2
votes

I am generating Word docs from html. Basically, I build a file with html and save it as a .doc. Then I open it in Word and apply a template. All good so far.

I would like to automatically generate a custom TOC via the HTML ie when I am building the document. I need to insert a field code to do that, in the same way I do to add page numbering via the HML. eg:

 <span style="mso-field-code: PAGE " class="page-field"></span>

If I save my html doc as docx and apply a template, I can make a TOC based in the styles in the way one would normally create a TOC in Word. I customised the TOC so the Title style is the top level followed by H1, H2 then H3. If I then toggle the field code on the TOC, the field code looks like this:

{ TOC \t "Heading 1,2,Heading 2,3,Heading 3,4,Title,1" }

Now, I can add HTML like this to insert the TOC:

<div style="mso-field-code: TOC " class="toc-field">TOC goes HERE</div>

When I do that, if I right click the text "TOC goes HERE" I get the option to "Update field" and if I do that a TOC is generated using the default H1,H2,H3 tags.

But, what I can't work out is how to include the

\t "Heading 1,2,Heading 2,3,Heading 3,4,Title,1"

part so my custom style sequence is applied. I have tried all sorts of combinations and it seems that adding anything after TOC causes Word to not make a field code.

Does anyone have any suggestions?


Update: Based on the essential help from @slightlysnarky below, I thought I would summarise the outcome here because the information I needed was in a Microsoft chm file that was taken down many years ago. If you read the following extract from that help manual and compare it to the solution below you will see how this all works.

Word marks and stores information for simple fields by means of the Span element with the mso-field-code style.

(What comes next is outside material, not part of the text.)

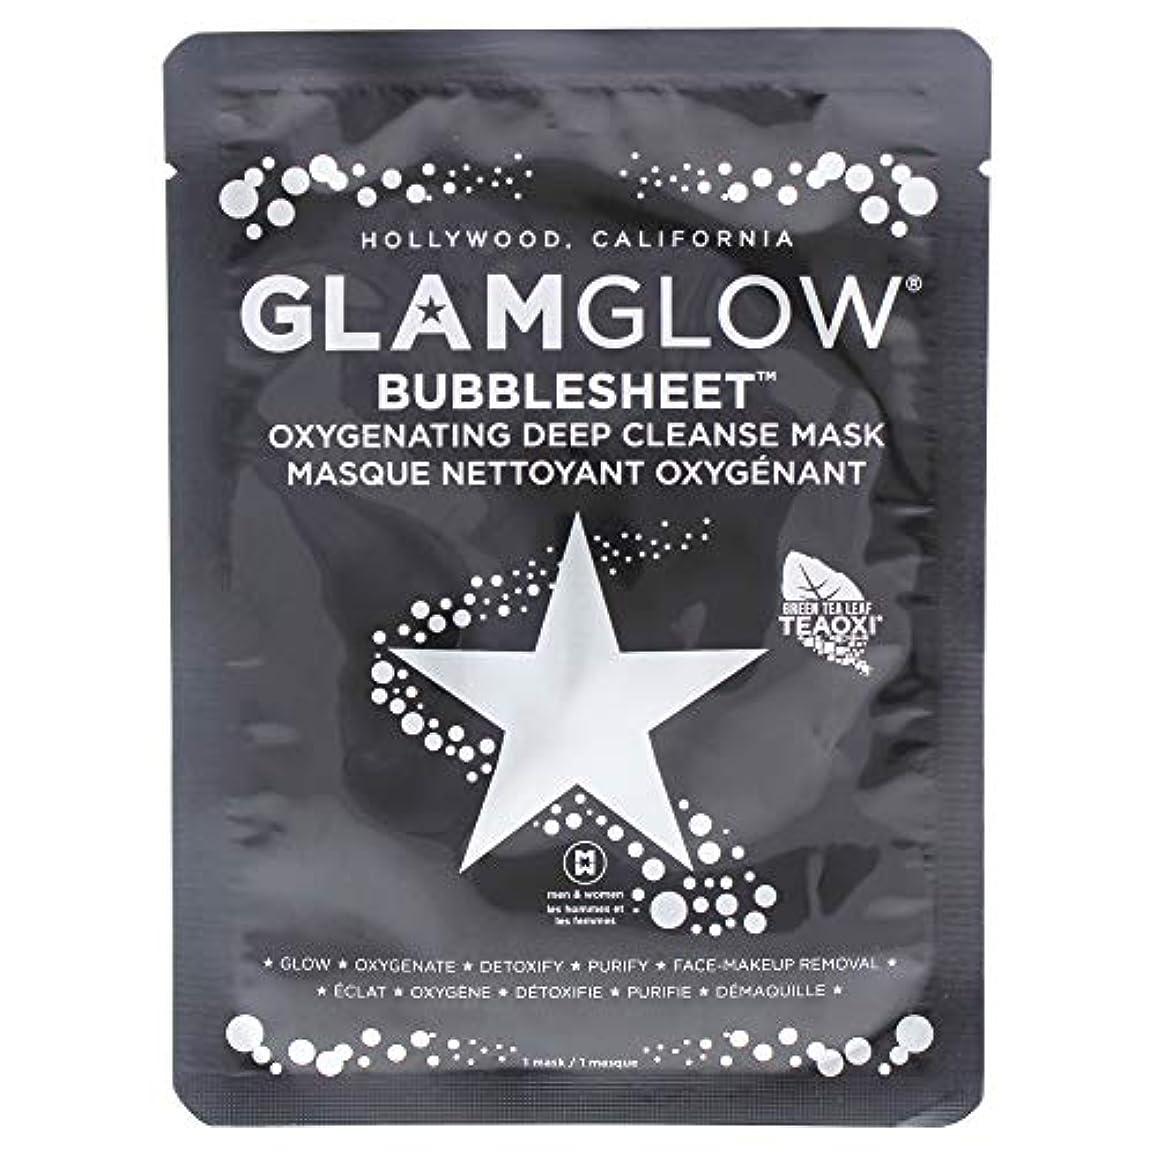 熱狂的な弁護小売Glam Glow Bubblesheet Oxygenating Deep Cleanse Mask

The mso-field-code value represents the string value of the field code. Formatting in the original field code might be lost when saving as HTML if only the string value of the code is necessary for its calculation.

Word has a different way of storing field information to HTML for more complex fields, such as ones that have formatted text or long values. Word marks these fields with so the data is not displayed in the browser. Word uses the Span element with the mso-element: field-begin, mso-element: field-separator, and mso-element: field-end attributes to contain the three respective parts of the field code: the field start, the separator between field code and field results, and the field end. Whenever possible, Word will save the field to HTML in the method that uses the least file space.

So, basically, add tags as shown below to your HTML at the point you wish the TOC to appear.

:-)

1
So why not simply add a TOC field after you open the document in Word? You can specify the reference Styles at that time. Saving such a document in HTML format should give you the correct HTML code, too, for generating future documents with the required HTML code.macropod
Thanks. Yes, of course users can add their own TOC manually. Most would not have a clue how to generate the custom version where the Title tags are selected first, etc. So I am attempting to automate that for those people via the field code. And, yes, I thought I could get the correct HTML format for the field code by saving as HTML but alas, all I get is the actual TOC content. I could not get word to give me the TOC field code in HTML. Ta.Murrah
What kind of settings did you use when saving as HTML. Word can save as "round-trip" HTML which is a lot more verbose than "standard" HTML... Beyond that: Is there some reason macro code can't be added to the template to achieve functionality that the html file format doesn't support?Cindy Meister
@CindyMeister: The use-case is a database full of document fragments in HTML format. Users can pick and choose fragments which will be exported as one or more "Word" docs in HTML format. The fragment titles get MsoTitle style and we want them to be the first level in the TOC when the HTML Word gets opened and saved as a DOCX. Is it possible to add macro code via HTML? And, I will check out the Word HTML save options - I did not realise there were any. Thanks.Murrah
The simplest way to achieve what you describe in your last comment is to format the top level as "Heading 1" - that's automatic. If your requirements are something the (intentionally undocumented) HTML file format conversion doesn't support, I recommend looking at Word Open XML - more complicated for the developer (maybe) but much more versatile - and documented.Cindy Meister

1 Answers

2
votes

Word recognises a "complex field format" in HTML, along the same lines as it does in the Office Open XML format. So you can use

<span style='mso-element:field-begin'></span>TOC \t "Heading 1,2,Heading 2,3,Heading 3,4,Title,1" 
<span style='mso-element:field-separator'></span>This text will show but the user will need to update the field 
<span style='mso-element:field-end'></span>

This construct is outlined in a Microsoft document called "Microsoft Office HTML and XML Reference". It's a Windows .exe that unpacks to a .chm Help file. You can get it here

The info. on encoding fields is in Getting Started with Microsoft Office 2000 HTML and XML->Microsoft Word->Fields

There may be a later version but that's the only one I could find.